→ **EXERCISE DATA**
--- START ---
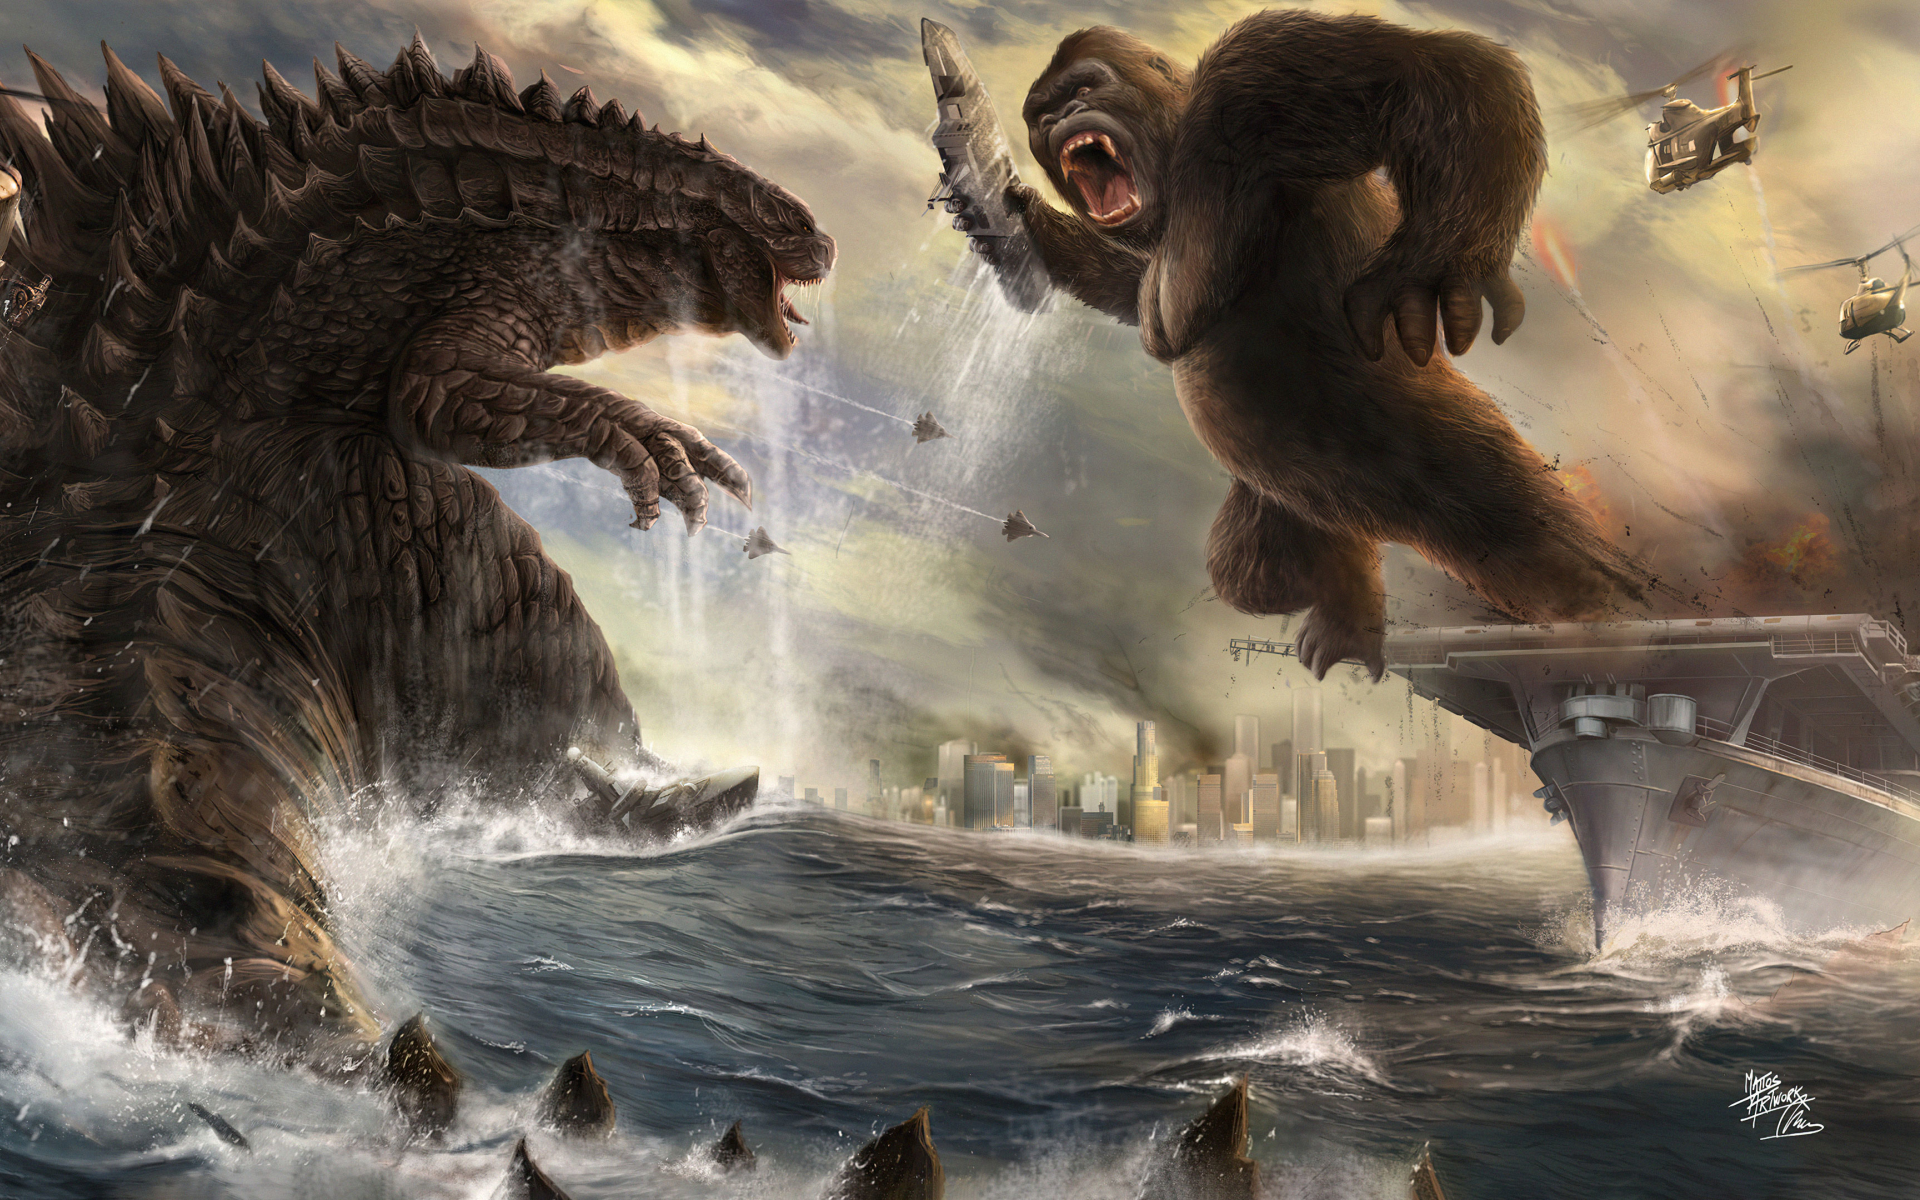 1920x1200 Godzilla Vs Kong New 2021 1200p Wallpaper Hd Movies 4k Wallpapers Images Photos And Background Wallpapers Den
--- END ---
--- START ---
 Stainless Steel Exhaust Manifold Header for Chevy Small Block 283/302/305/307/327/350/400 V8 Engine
--- END ---
--- START ---
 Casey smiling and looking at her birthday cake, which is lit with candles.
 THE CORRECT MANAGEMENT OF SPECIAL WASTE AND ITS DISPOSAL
--- END ---
→ **WHAT IS EXPECTED**
Every line above from the line with "Casey smiling and" to the line with "THE CORRECT MANAGEMENT", both included, must be reproduced exactly, and no other line may appear.

→ **REPLY TO THE TASK**
 Casey smiling and looking at her birthday cake, which is lit with candles.
 THE CORRECT MANAGEMENT OF SPECIAL WASTE AND ITS DISPOSAL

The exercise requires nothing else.